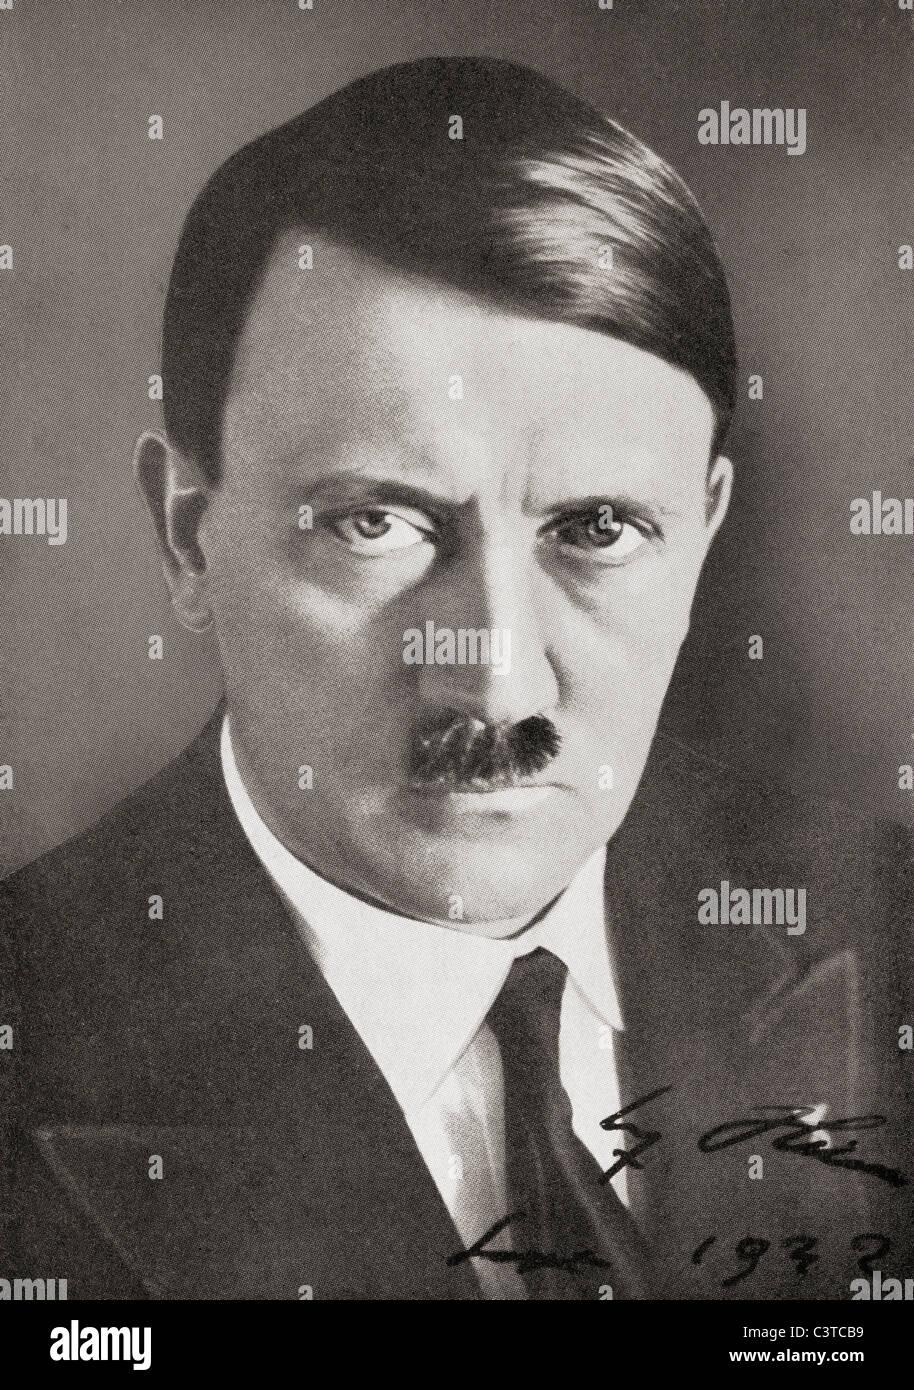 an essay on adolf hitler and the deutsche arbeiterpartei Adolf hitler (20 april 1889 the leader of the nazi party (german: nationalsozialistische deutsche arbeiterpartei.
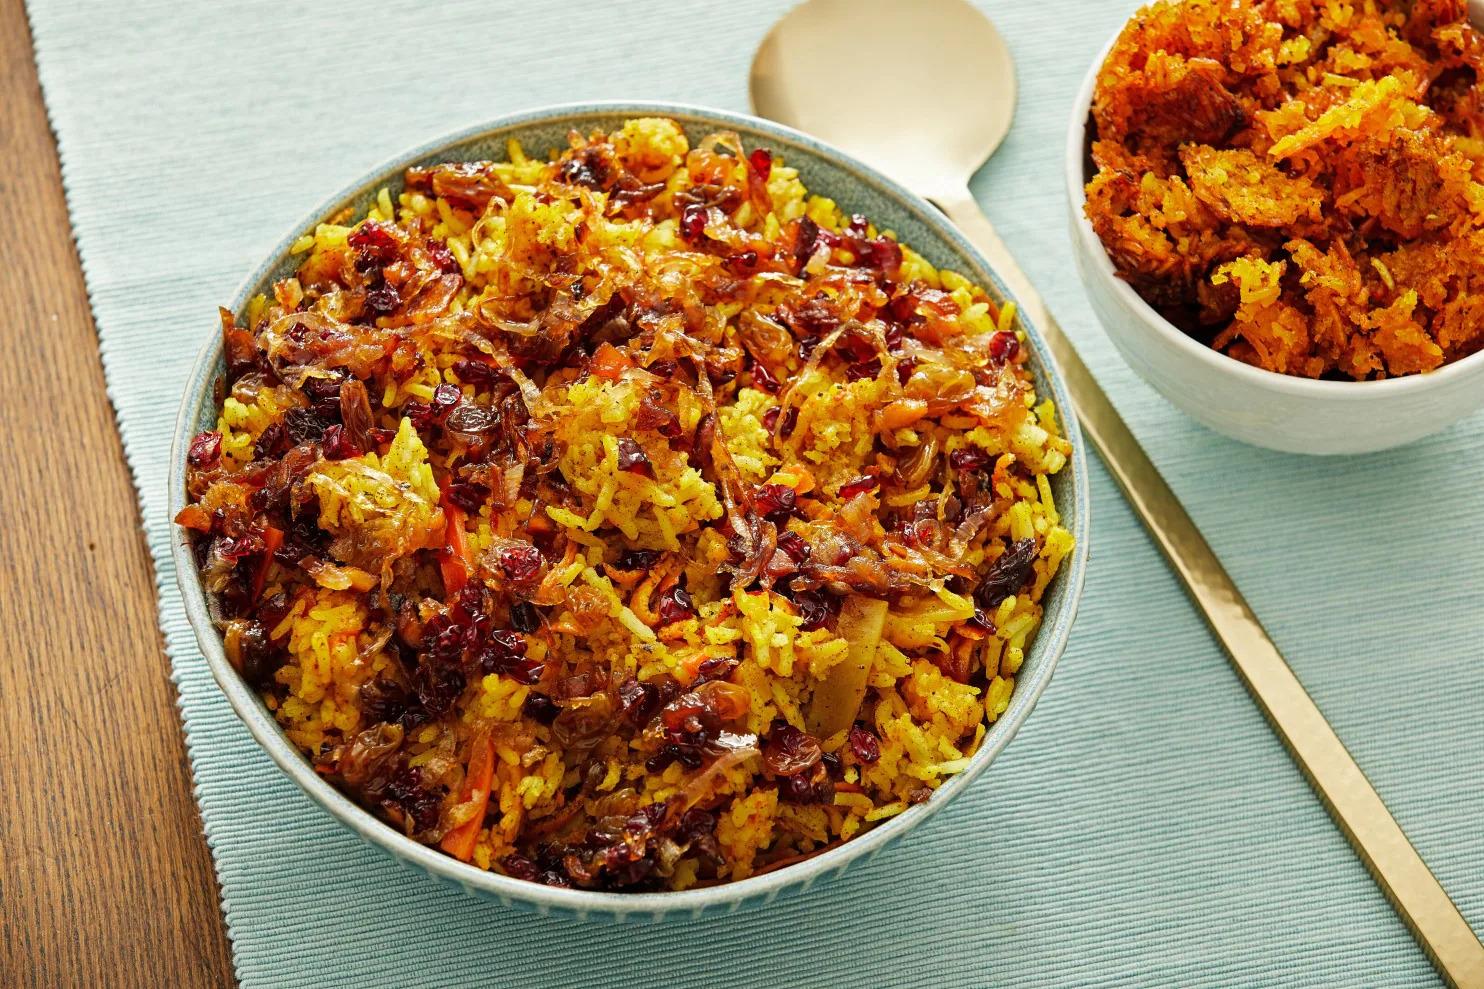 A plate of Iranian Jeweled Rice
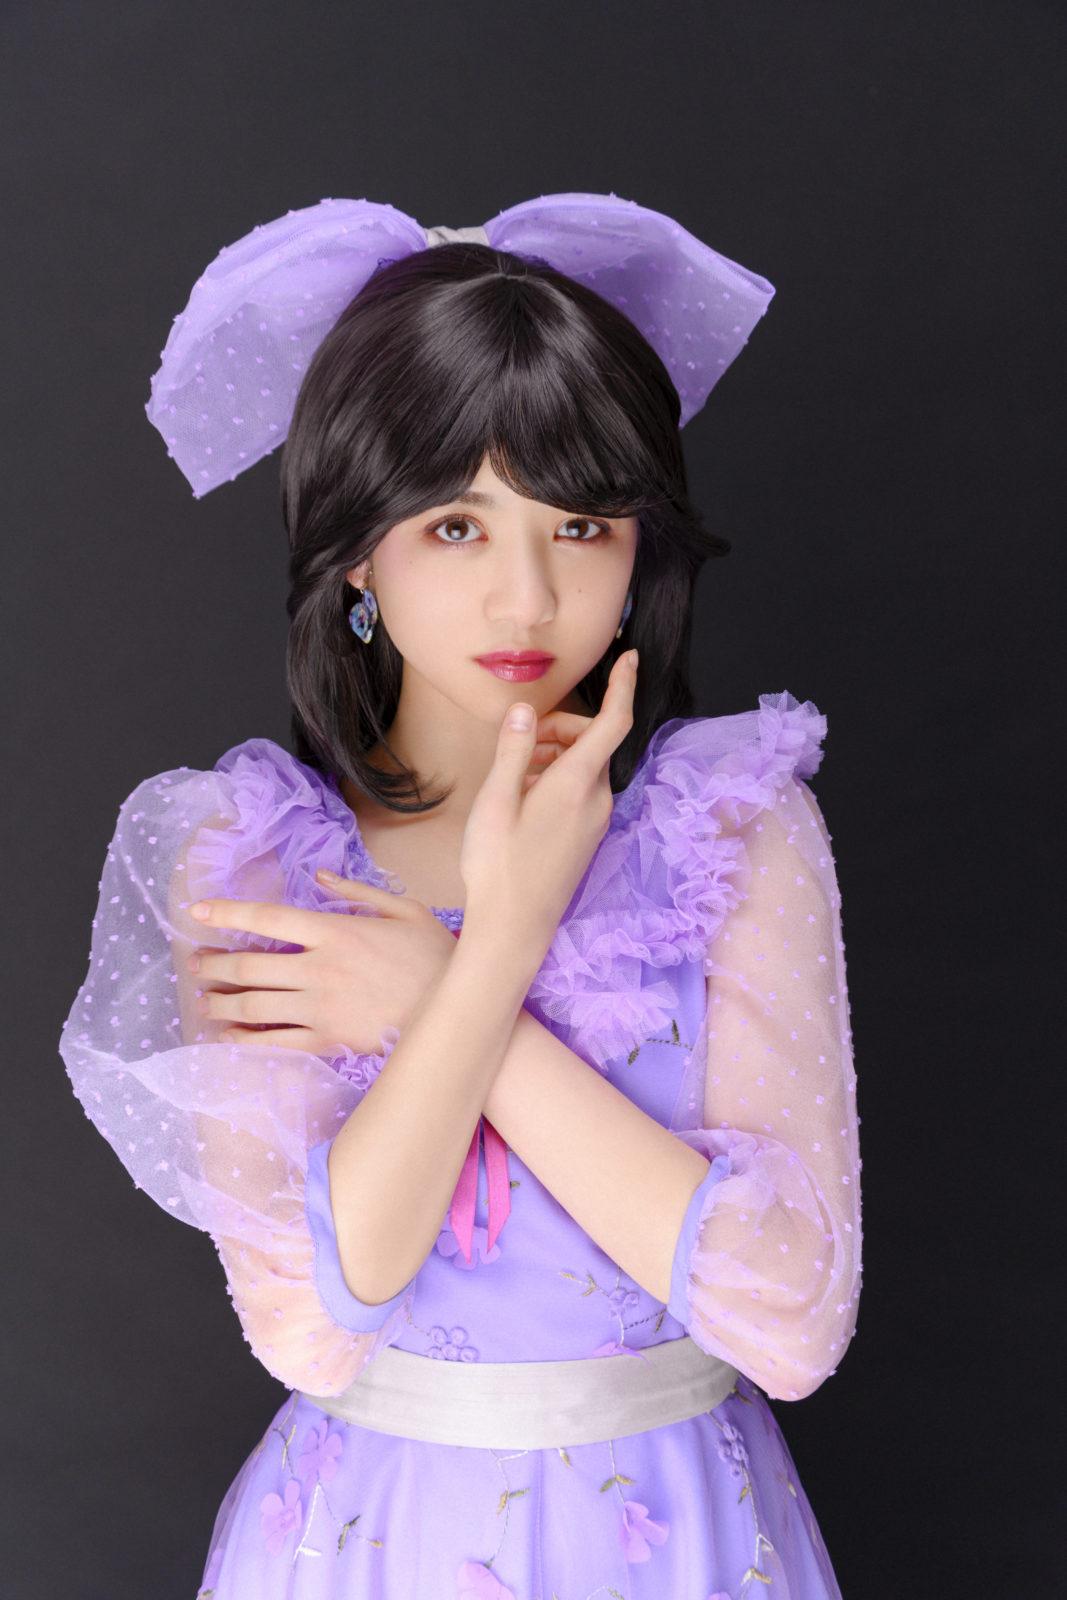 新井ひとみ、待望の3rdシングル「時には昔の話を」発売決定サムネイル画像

▶ WHAT THE EXERCISE ASKS: Restate each line above exactly, keeping pictures out.

▶ COMPLETED EXERCISE:
 an essay on adolf hitler and the deutsche arbeiterpartei Adolf hitler (20 april 1889 the leader of the nazi party (german: nationalsozialistische deutsche arbeiterpartei.
 A plate of Iranian Jeweled Rice
 新井ひとみ、待望の3rdシングル「時には昔の話を」発売決定サムネイル画像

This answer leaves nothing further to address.